Start of PROVIDED RECORDS

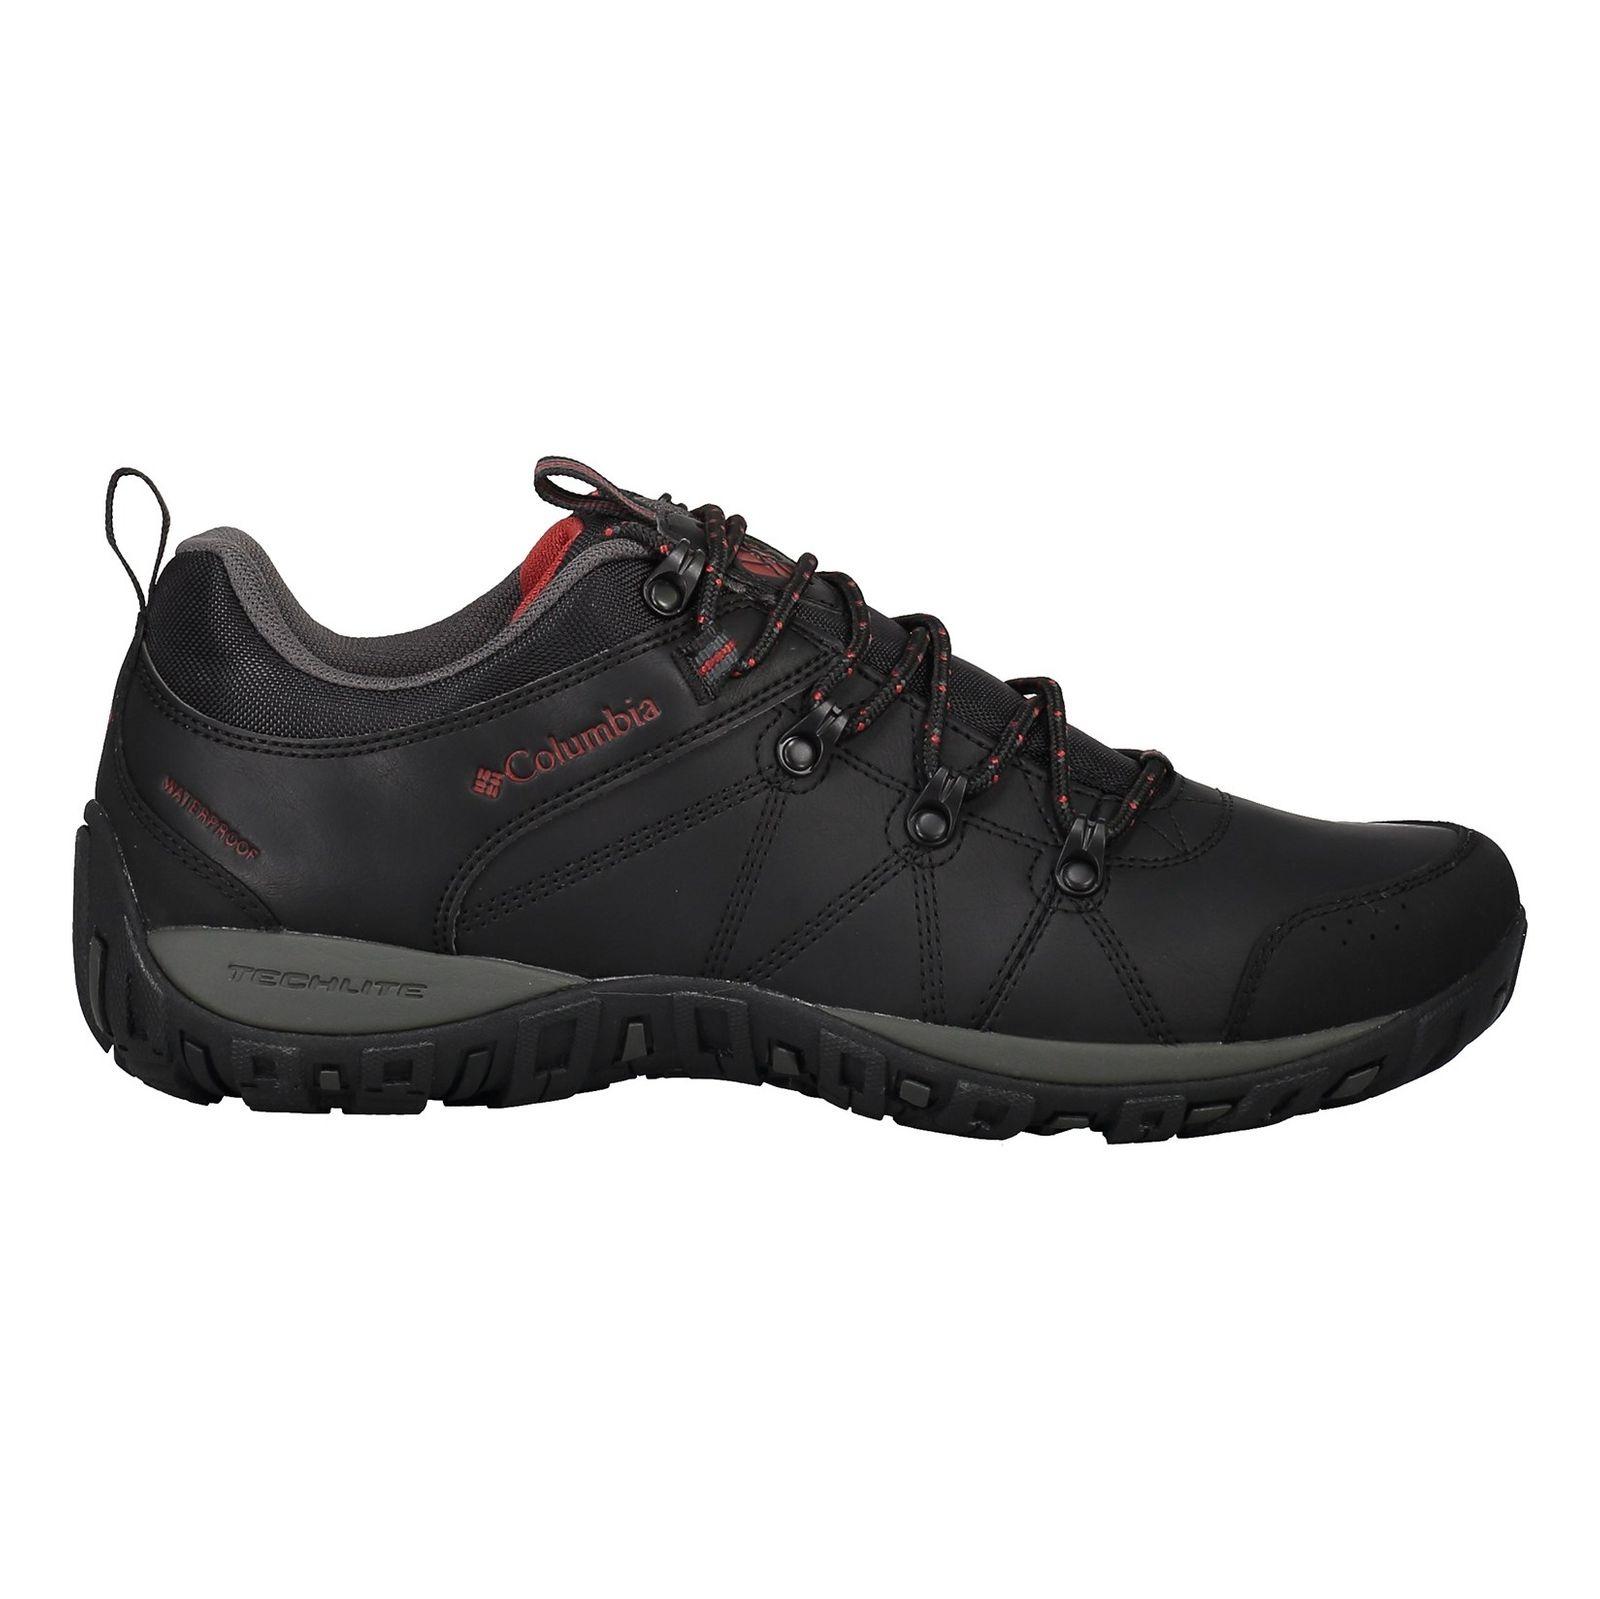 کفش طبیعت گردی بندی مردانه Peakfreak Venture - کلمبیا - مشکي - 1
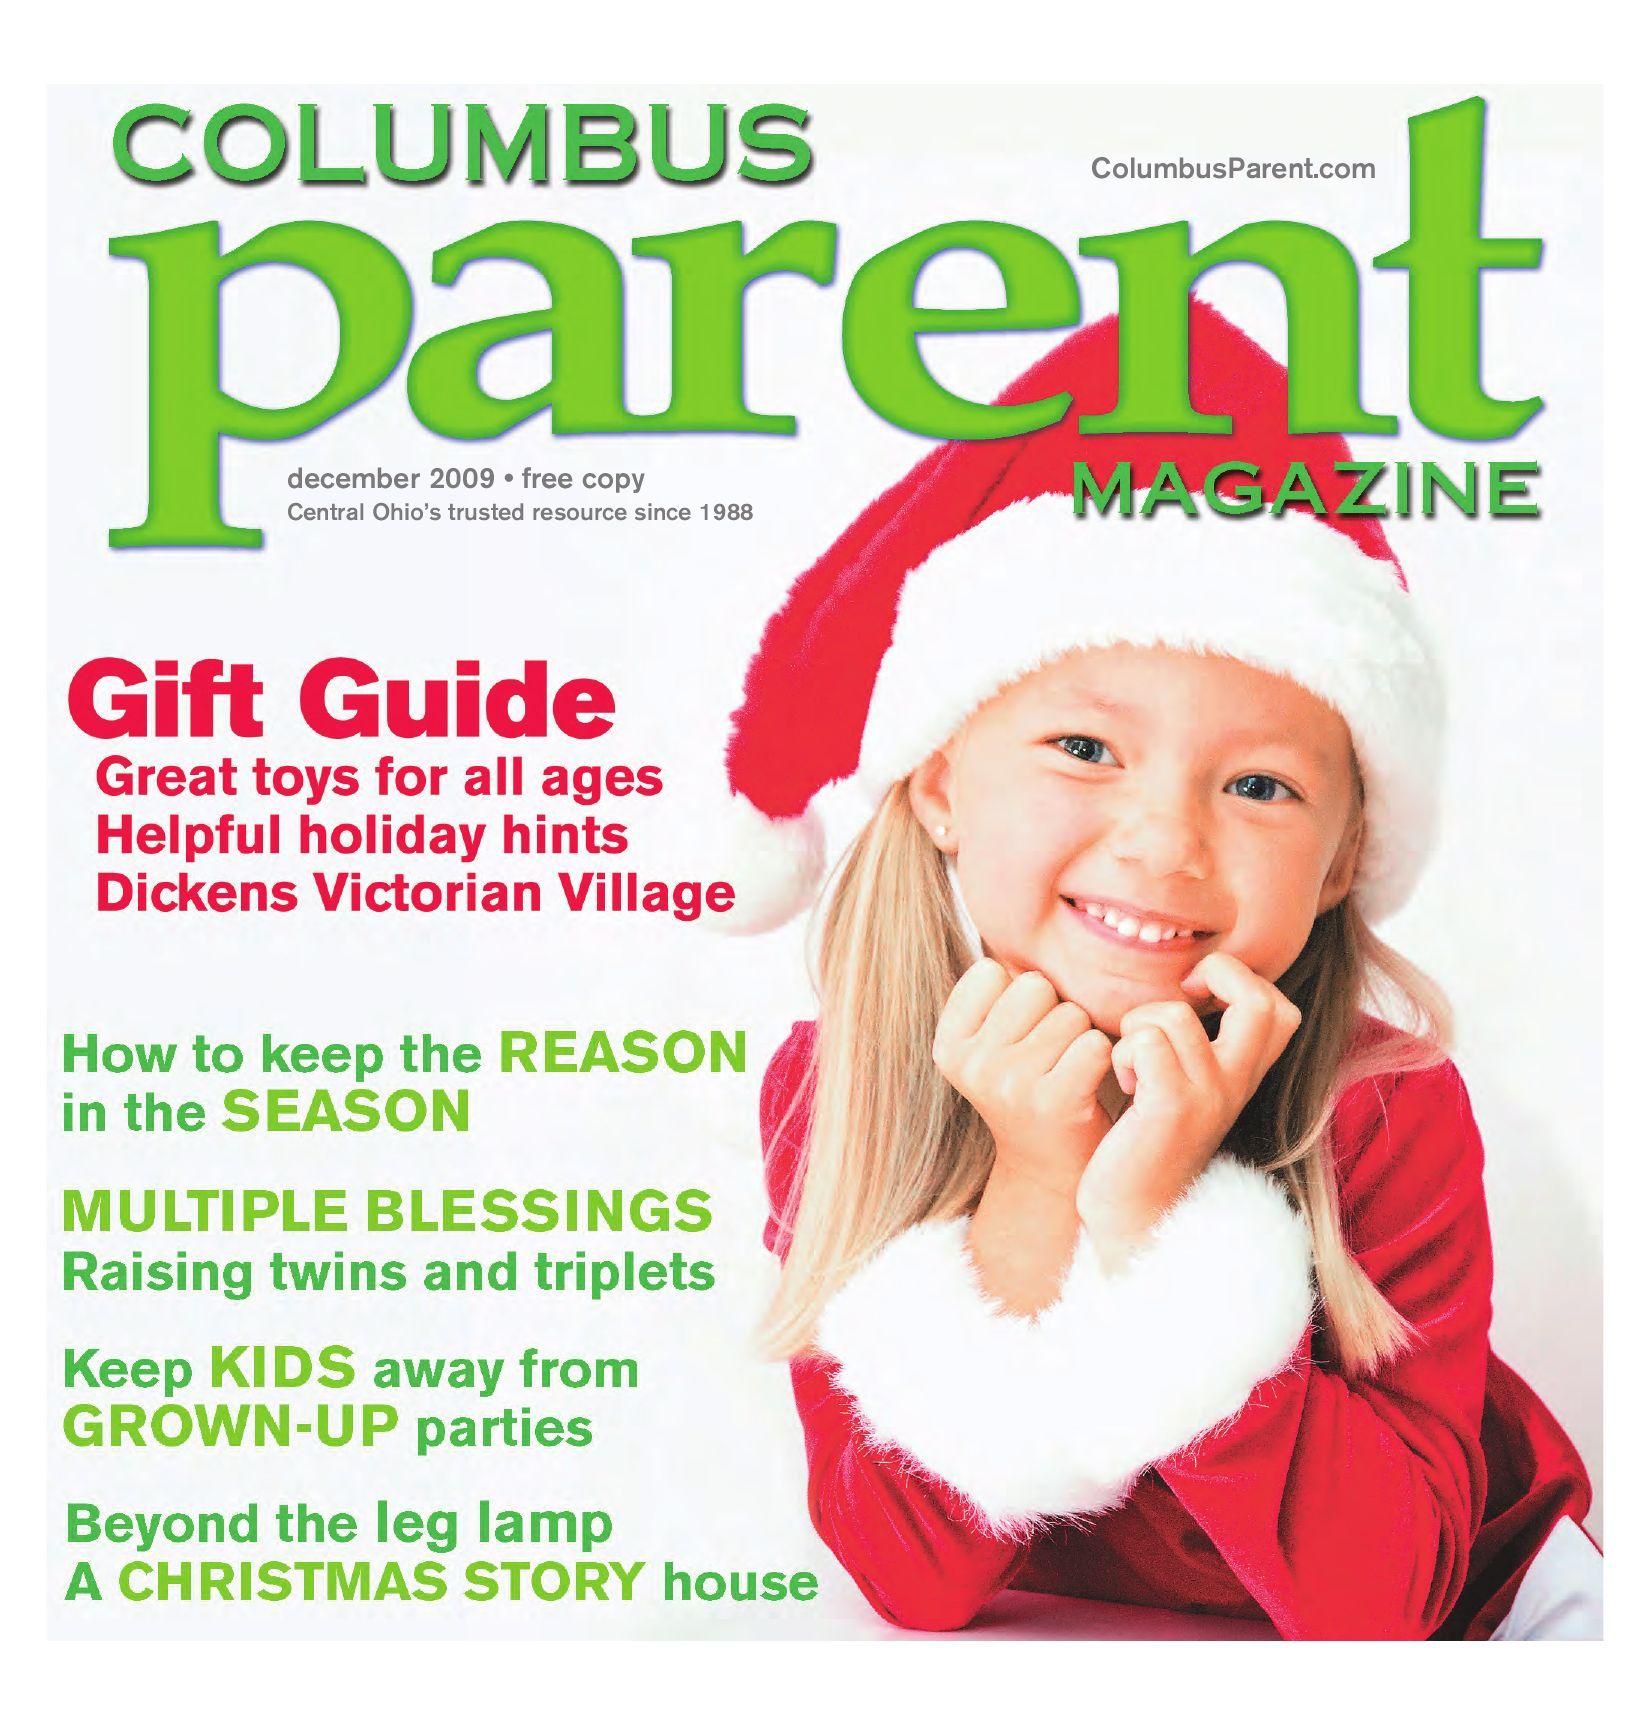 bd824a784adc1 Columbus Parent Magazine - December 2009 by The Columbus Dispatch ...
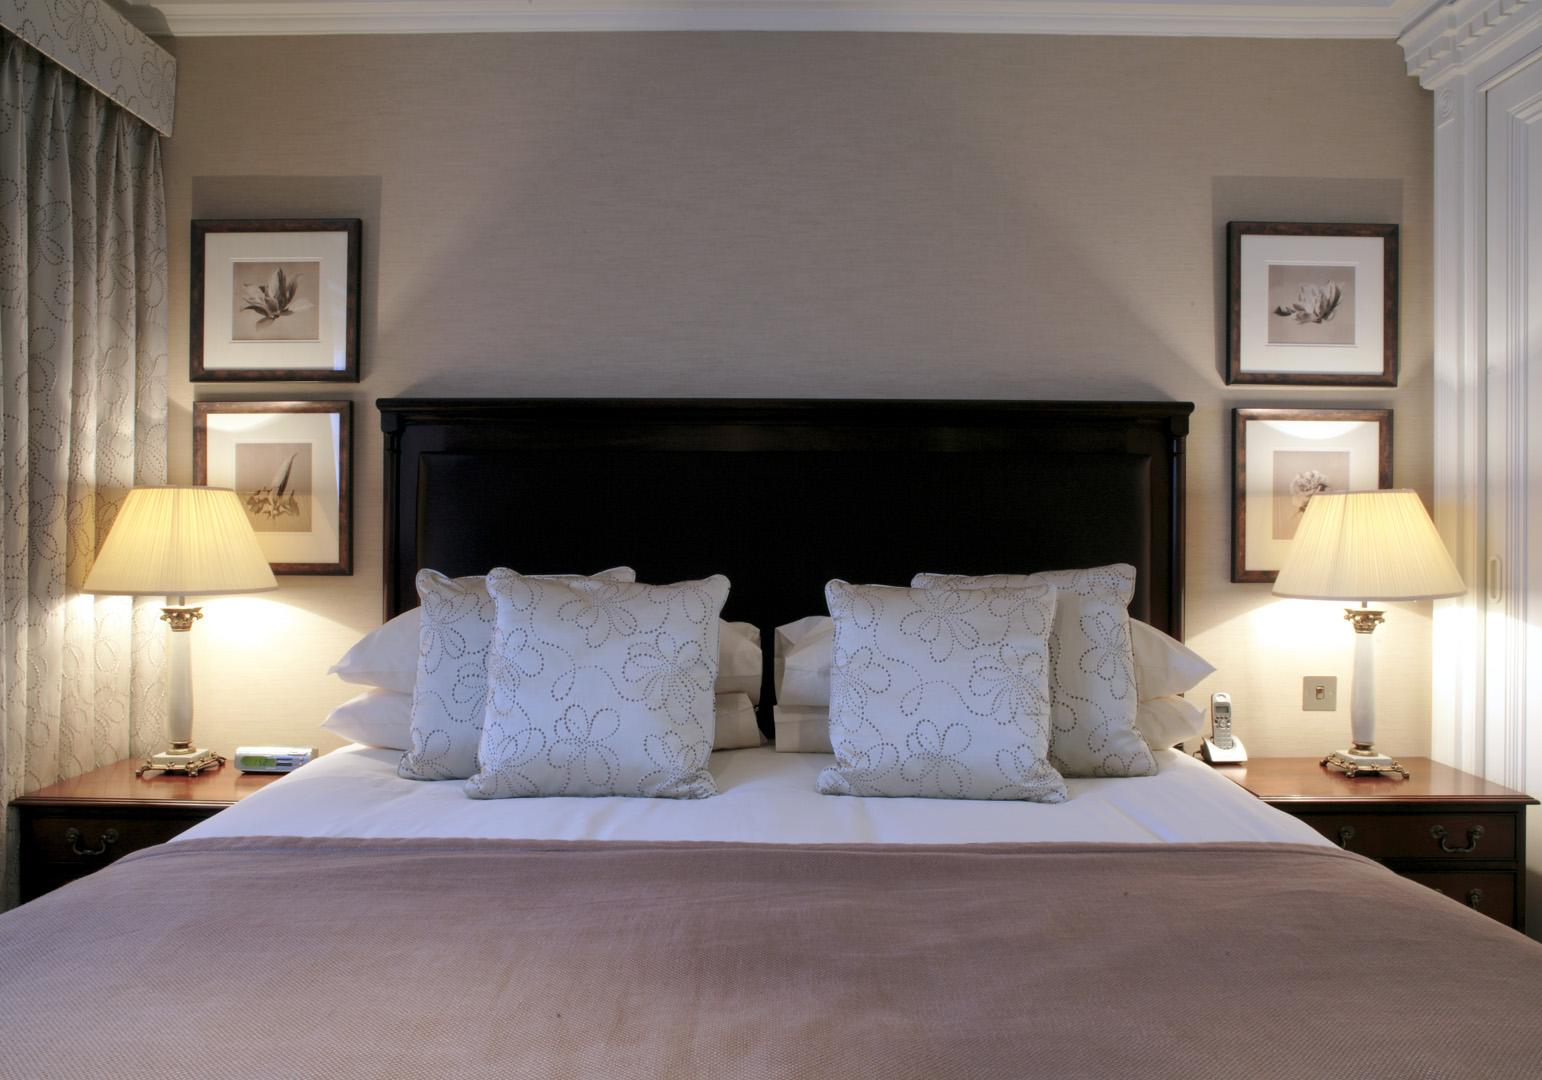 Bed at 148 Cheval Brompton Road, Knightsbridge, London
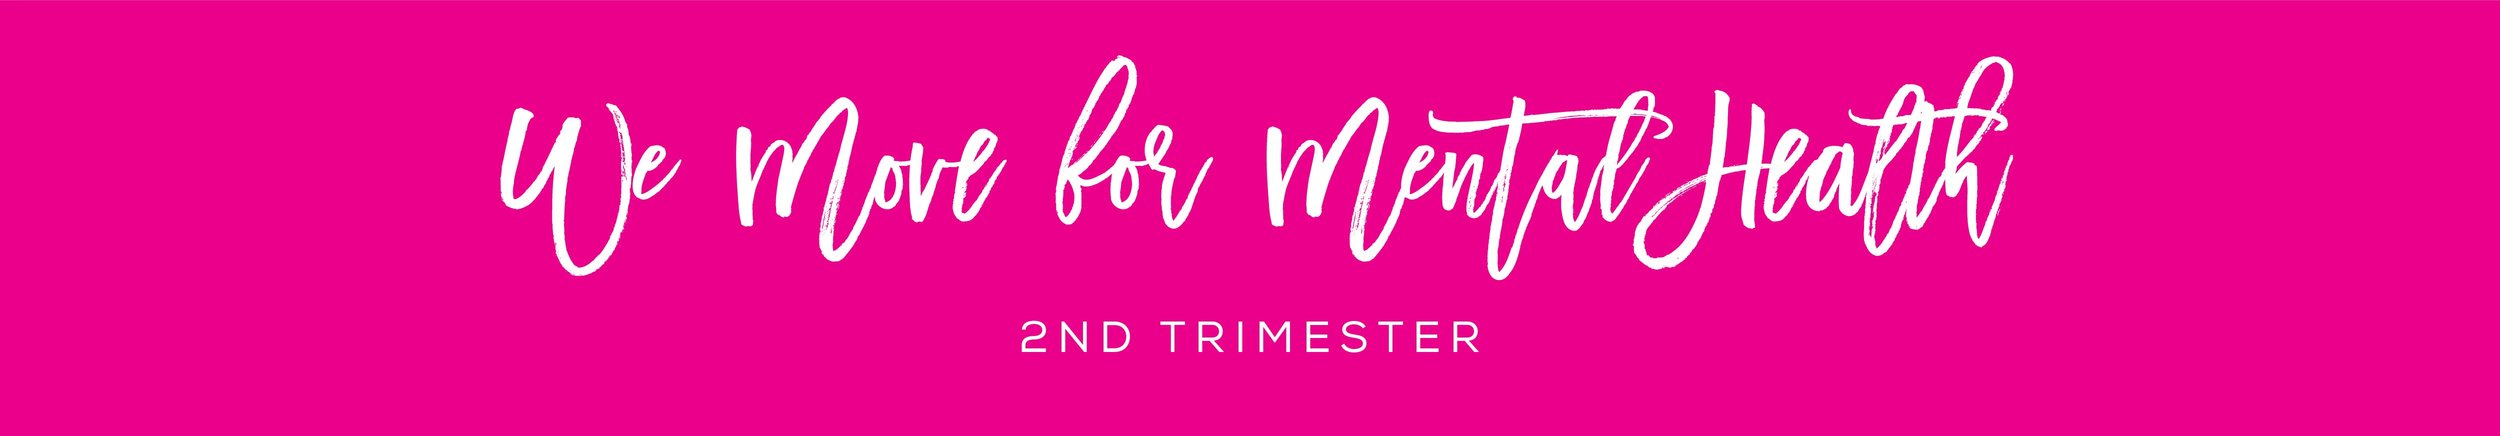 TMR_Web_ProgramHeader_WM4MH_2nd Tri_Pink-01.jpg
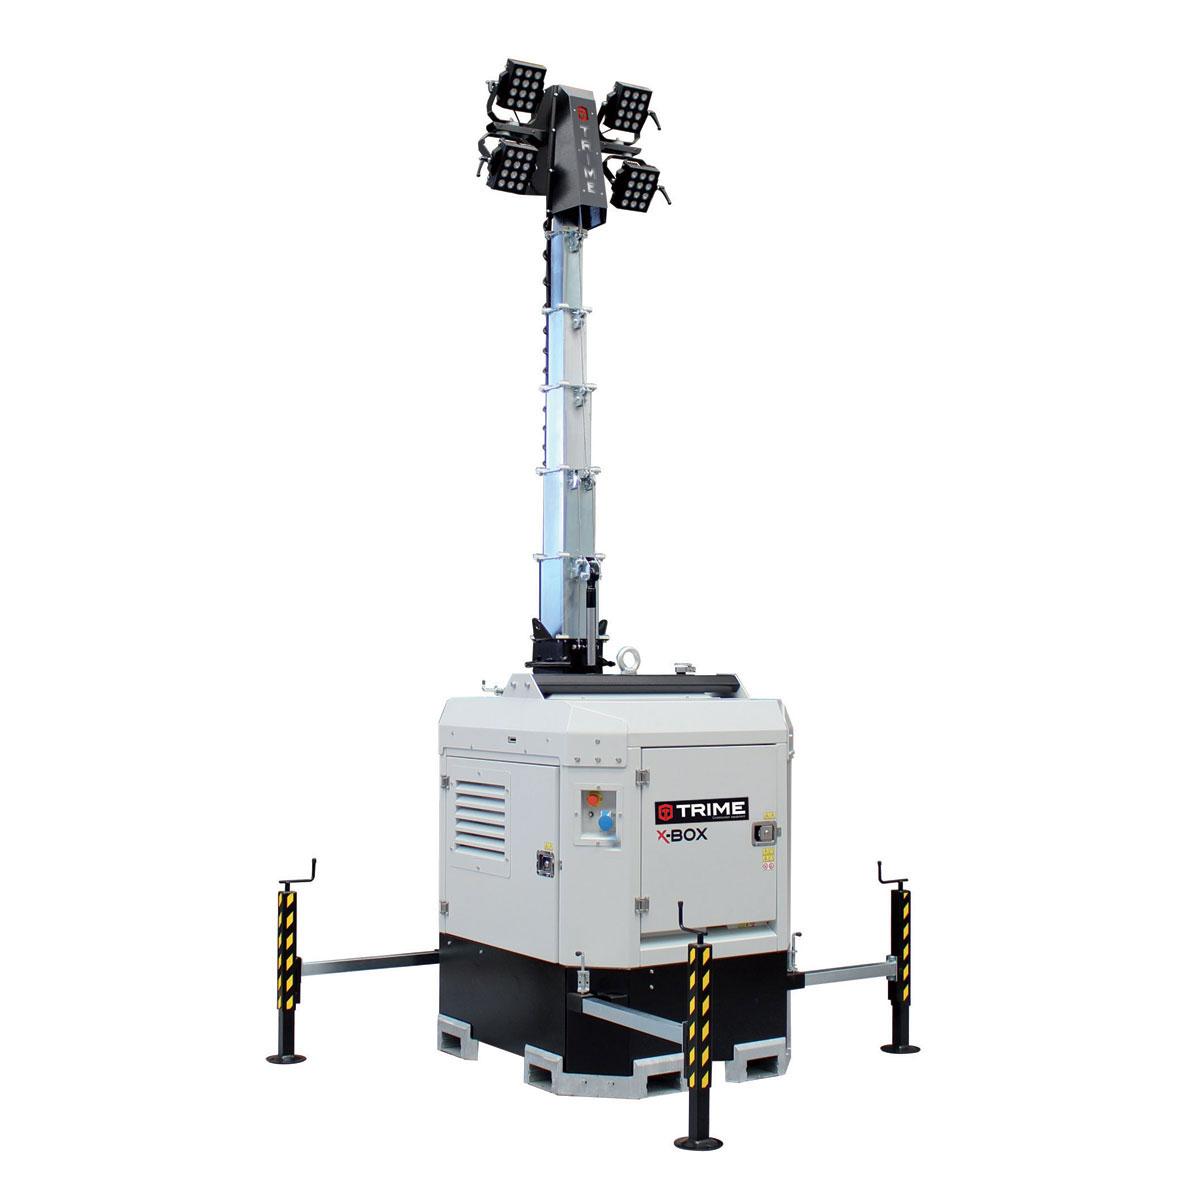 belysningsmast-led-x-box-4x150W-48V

End of PROVIDED RECORDS

[TASK OBJECTIVE] Nothing but the records, restated word for word and stripped of images, belongs in the answer.

[ANSWER]
 کفش طبیعت گردی بندی مردانه Peakfreak Venture - کلمبیا - مشکي - 1
 bd824a784adc1 Columbus Parent Magazine - December 2009 by The Columbus Dispatch ...
 Bed at 148 Cheval Brompton Road, Knightsbridge, London
 TMR_Web_ProgramHeader_WM4MH_2nd Tri_Pink-01.jpg
 belysningsmast-led-x-box-4x150W-48V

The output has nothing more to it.